* _Exercise directions_: Repeat each line of the material below exactly as it appears, minus any pictures.

* _Material provided_:
*****
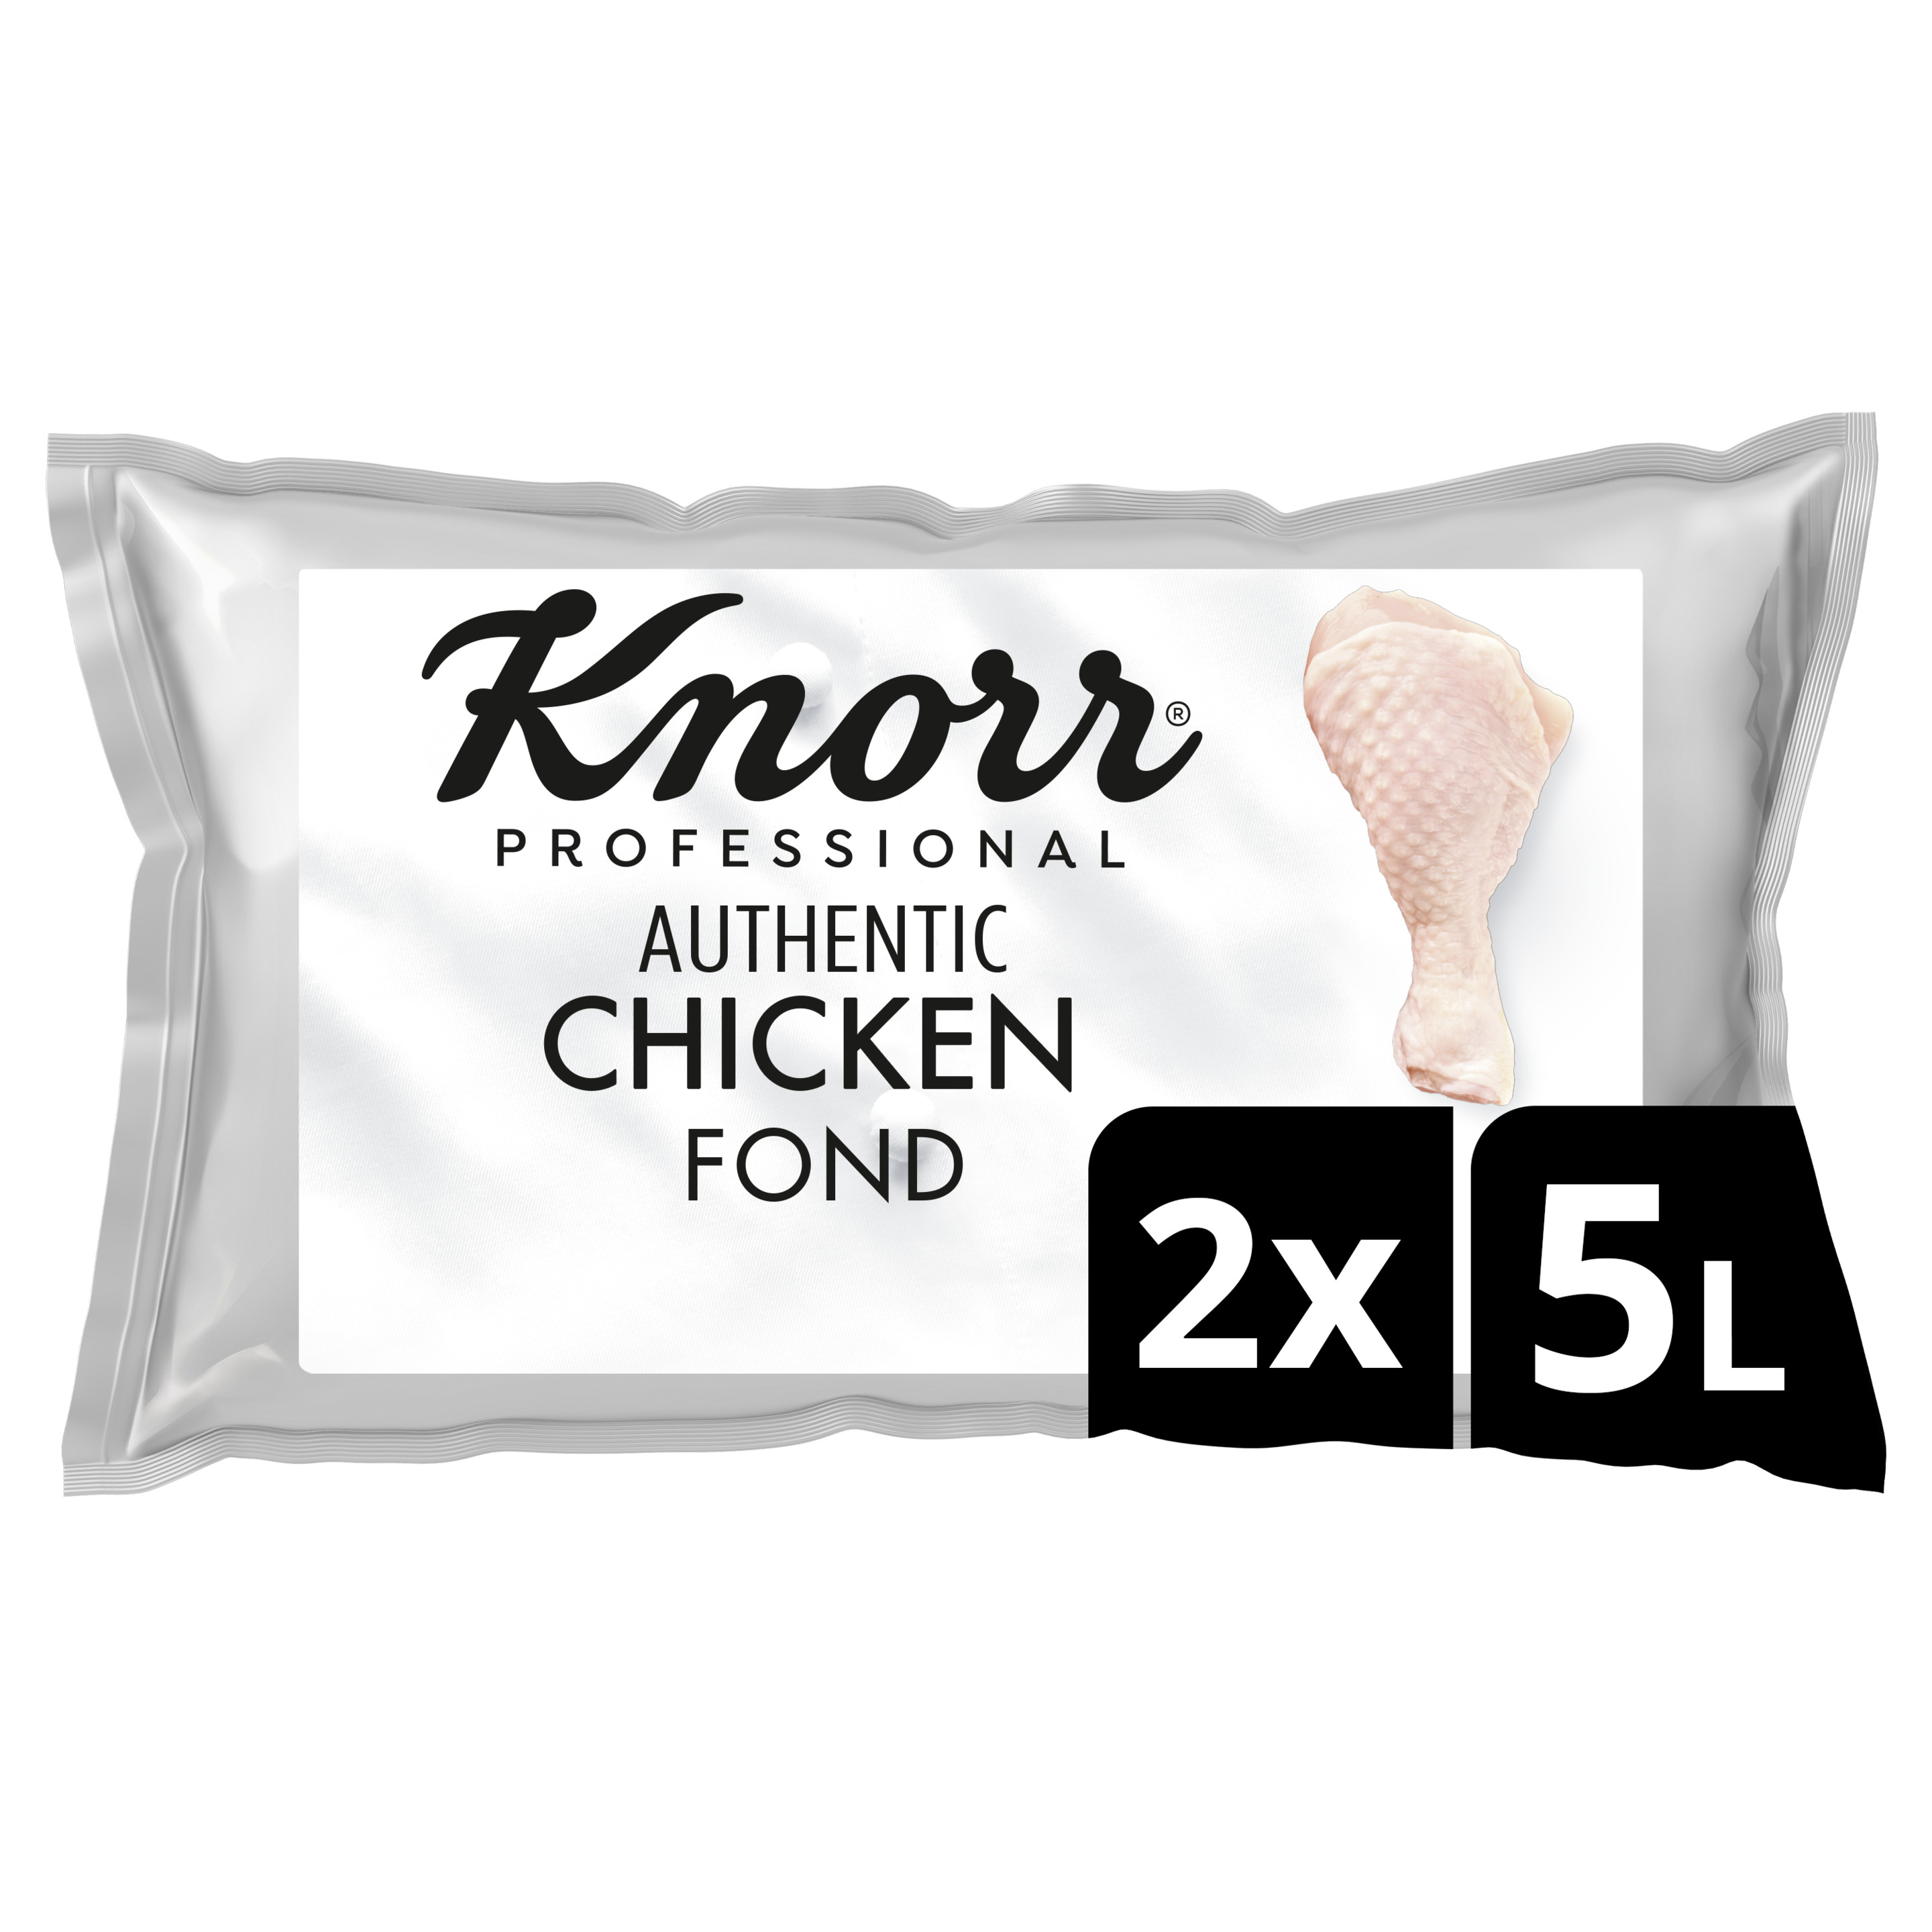 Knorr Professional Kycklingfond 2 x 5 L - Knorr Professional Kycklingfond gör det nödvändiga. Du det minnesvärda!
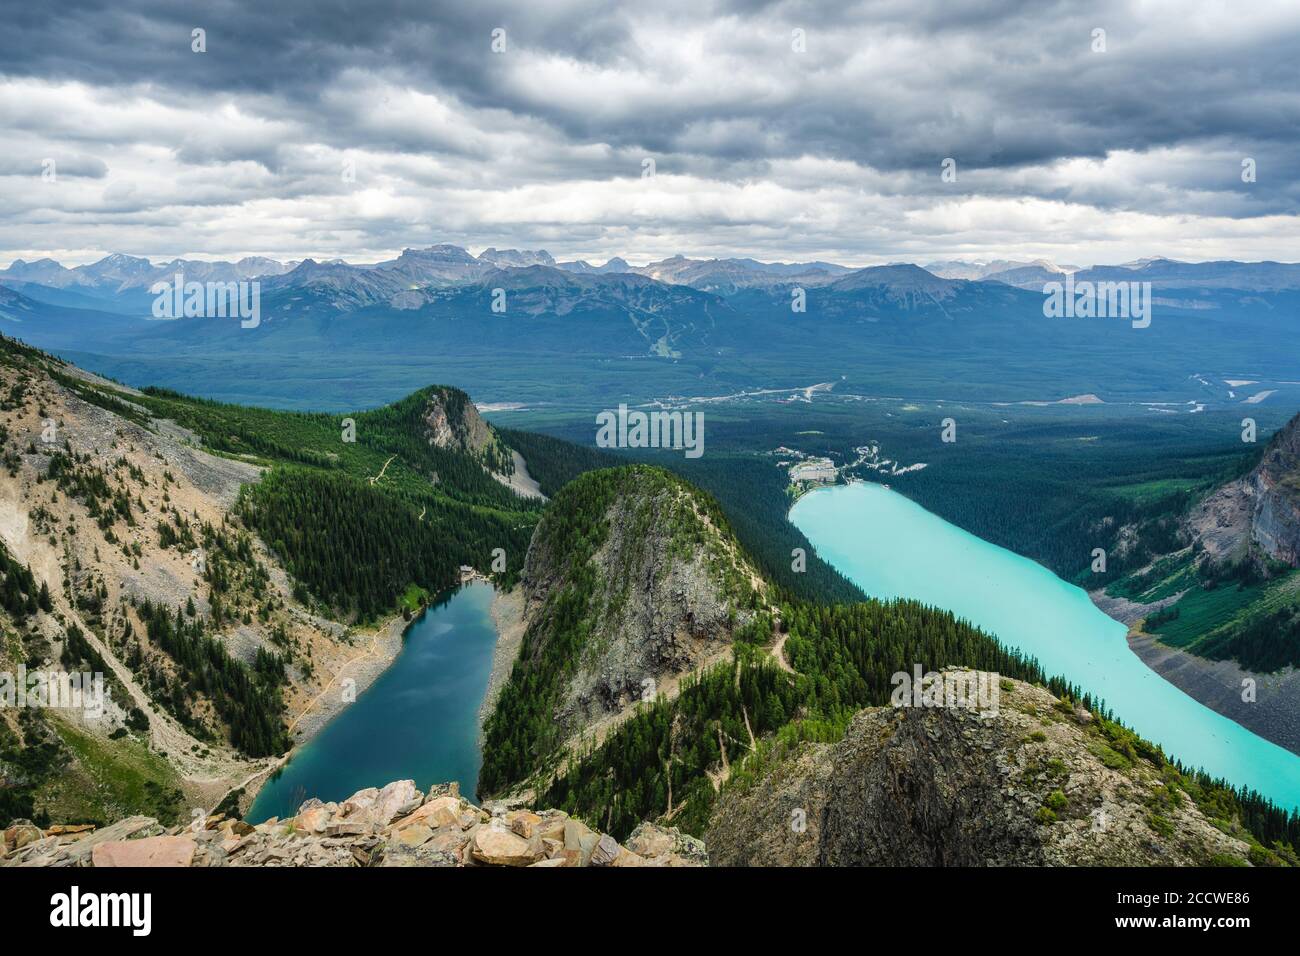 Vista panorámica de Moody que muestra el Lago Louise y el Lago Agnes en el Parque Nacional Banff, Alberta, Canadá. Foto de stock
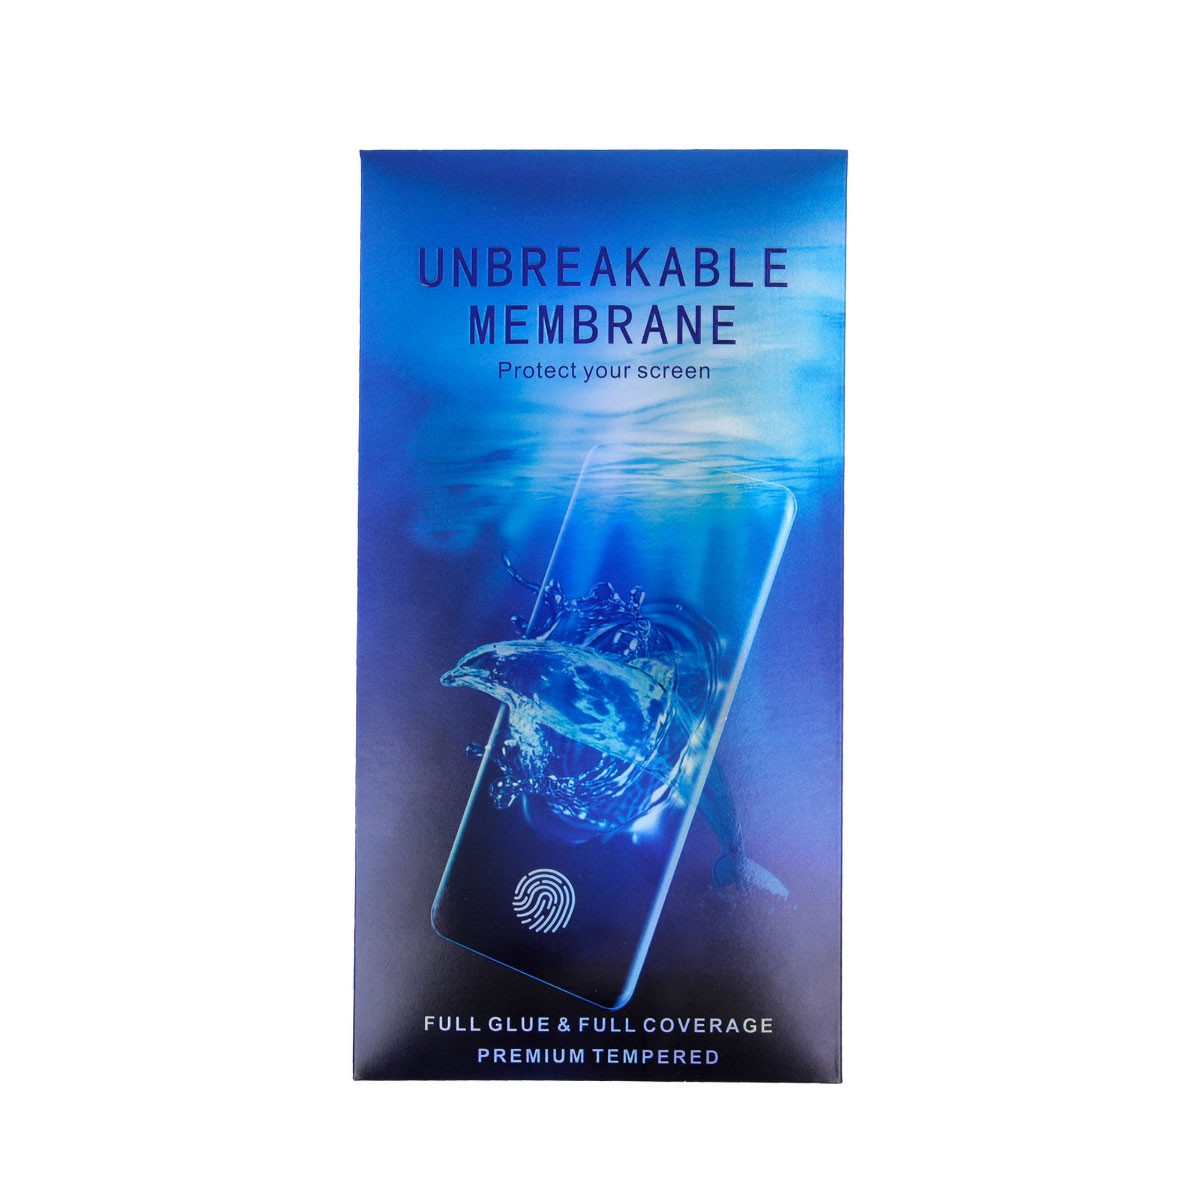 Protecteur d'écran en film hydrogel pour iPhone 6, iPhone 6S, iPhone 7, iPhone 8 photo 1
*****
* _Answer for the task_:
 Knorr Professional Kycklingfond 2 x 5 L - Knorr Professional Kycklingfond gör det nödvändiga. Du det minnesvärda!
 Vista panorámica de Moody que muestra el Lago Louise y el Lago Agnes en el Parque Nacional Banff, Alberta, Canadá. Foto de stock
 Protecteur d'écran en film hydrogel pour iPhone 6, iPhone 6S, iPhone 7, iPhone 8 photo 1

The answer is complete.